The precision teaching folks are convinced that every child can learn if lessons are tailored to them and they receive enough practice to gain mastery. In fact, they take on all kinds of challenges: dyslexia, autism, English Language Learners, ADD, processing problems etc. with an admirable doggedness. This is a pragmatic educational realm where problems are remediated, not accommodated. The linchpin in this method is consistent data keeping. Each skill is practiced then timed for fluency, and students do not move on until the skill is mastered. I learned to use the Standard Celeration Chart and marveled at the purity of this kind of data driven teaching. Finally, I understood what meaningful data is, especially after years of seeing grade inflation at my own school due to measures such as “class participation”, “group work” or “project-based learning”.  Here there are no points for good behavior, no homework to be copied and pasted from Google, or groupmates to exploit. It is just me, the student, the skill that must be mastered and my timer. I know it sounds clinical when compared to a blissful six-year-old singing Blowing in the Wind; but it gets extraordinary results.

These results are not lost on Carla who arrives for every session with great enthusiasm. So far, we have done 10 sessions, and I am astonished at her progress. Here are the four skills we have been practicing together:

  • Say & Spell:  These are high frequency words that must be read then spelled with a goal of 200-250 words per minute. On her first session she did 102 wpm. On the tenth she did 187. The first day I was surprised at how clumsy she was at rapidly identifying letters; however, by the tenth session she was attacking these same letters with gusto.
  • Sound Fluency:  These are phonics drills. We review a series of sounds until she is confident then we complete timings. Day #1 Carla read sounds at 48 wpm. Day #2 she clocked in at 66 wpm. For the moment, this is her usual pattern. It takes two days for her to master each new series of sounds. Carla’s accuracy during these drills with unfamiliar phonemes is remarkable.  She memorizes easily and is sharp as a tack.
  • Word Fluency: These work on the same phonemes from the previous drill; however, now they appear in a series of words read in isolation.  On Day #1 she did 60 wpm. On Day #10 with far more complex words she clocked in at 94 wpm
  • Story Passages: These passages are from a decodable reader. They allow students to practice sounds they have already mastered in narrative form. Our practice sessions involve getting her to model my prosody before timings, as well as reviewing sounds and vocabulary from the story. Day #1’s reading was at a 110 wpm, and it was quite stilted.  Day #10’s reading was at 147 wpm, and the quality of the reading was astonishing. It was no longer hesitant, and she now pauses at the appropriate punctuation.
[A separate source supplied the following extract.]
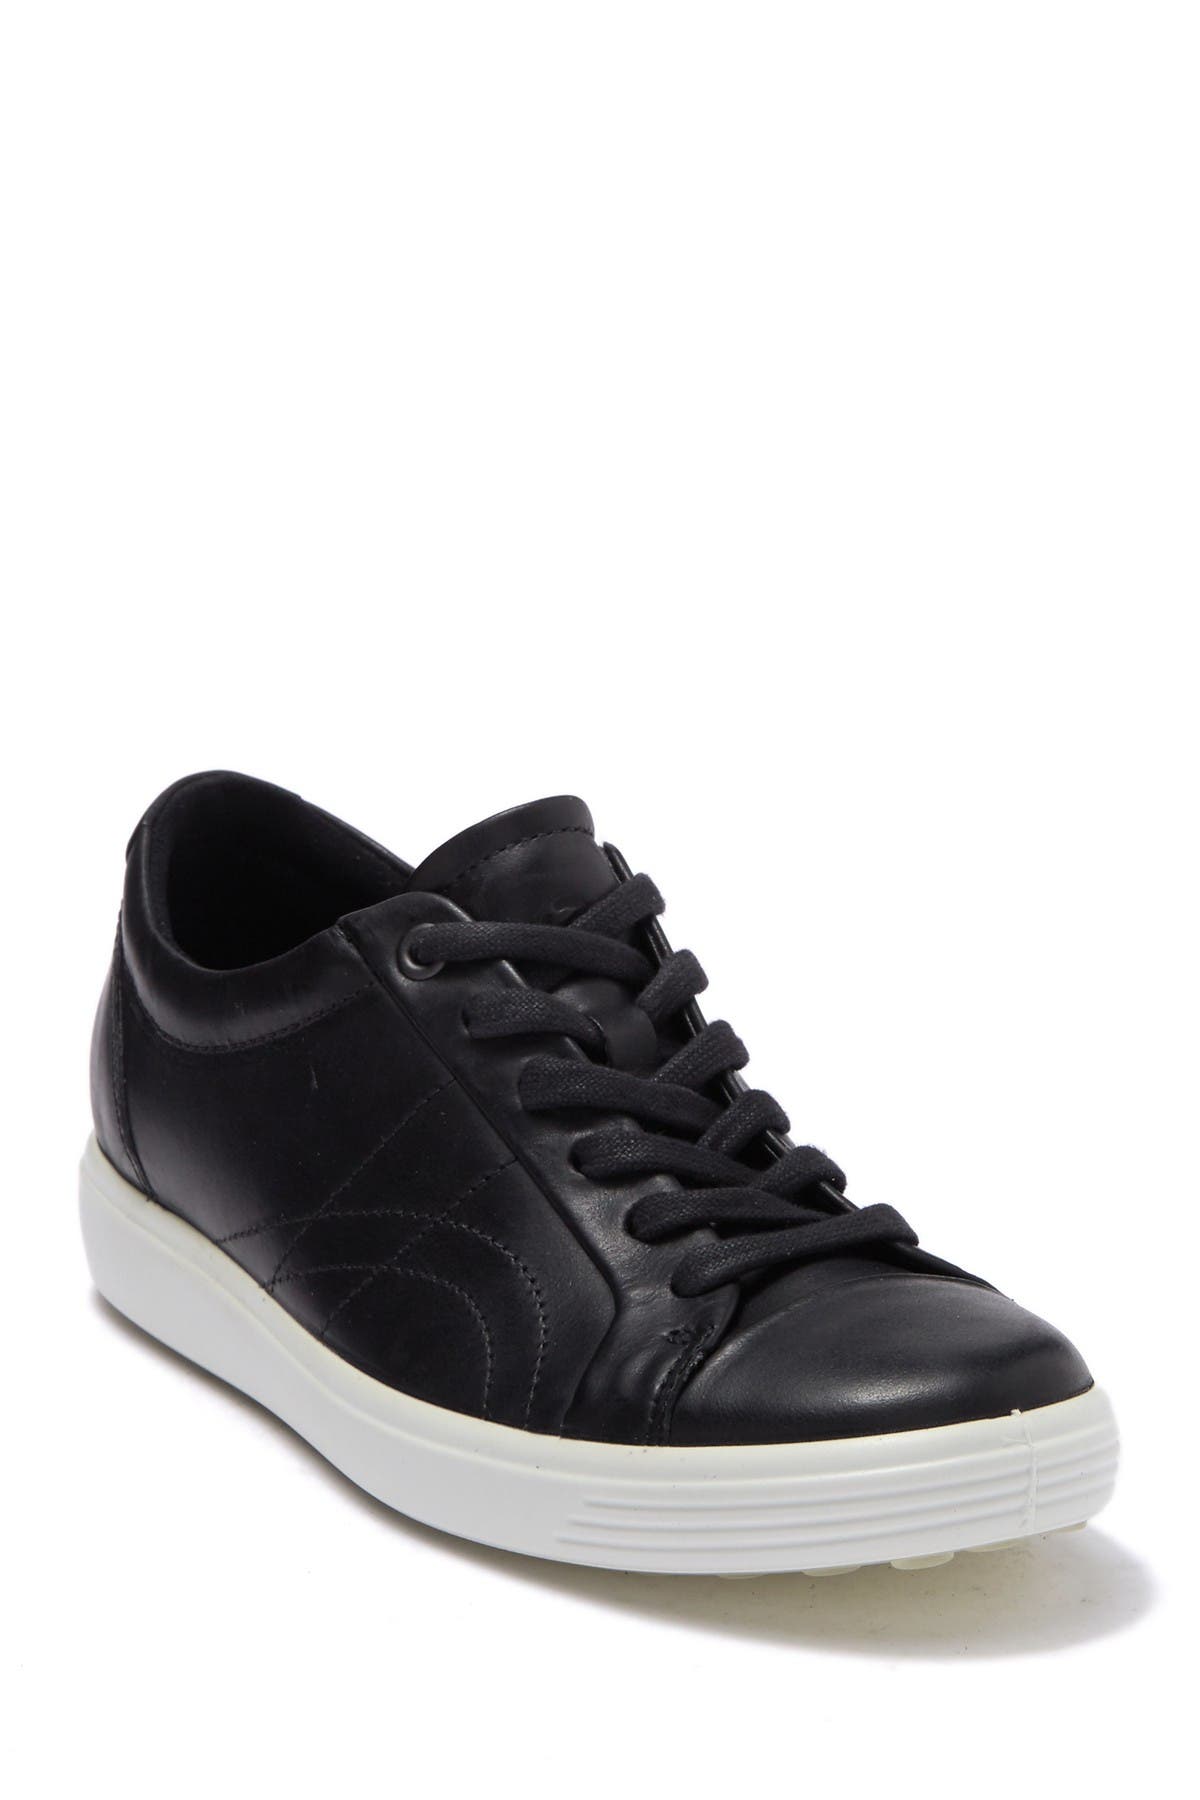 ecco soft 7 leather sneakers

The other day when asked if she thought she made progress she yelled: “Oh my God, I don’t stop at every word now!” Subsequently, these reading sessions have made me ponder the concept of fluency, as it is clearly much more than speed. In fact, as her decoding skills increase in speed, she exhibits much more enthusiasm for the stories themselves. In other words, reading is enjoyable now that the cognitive demands have become more automatic.

All in all, there is an elegance to the materials and the method. Clearly this learning style is structured and systematic, and Carla knows exactly what is expected of her. She also knows that it is attainable, and she enjoys monitoring her progress with me. Any fears I may have had about Carla’s creativity being destroyed or anxiety created by these timed tasks were washed away. By the third session, Carla began confiding in me how much she hated school because she could not read as well as the other students, and it was like a weight had been taken off her. A few days ago, her mother texted to thank me, as she noticed a happier, more confident child.

Although I do not have a sourdough bread for my Facebook feed, I have accomplished a few things: an hour’s respite to a frontline worker, a gift of literacy to a child who did not have the words to explain how her school was failing her, and a fascinating educational experiment that I am only just beginning to understand.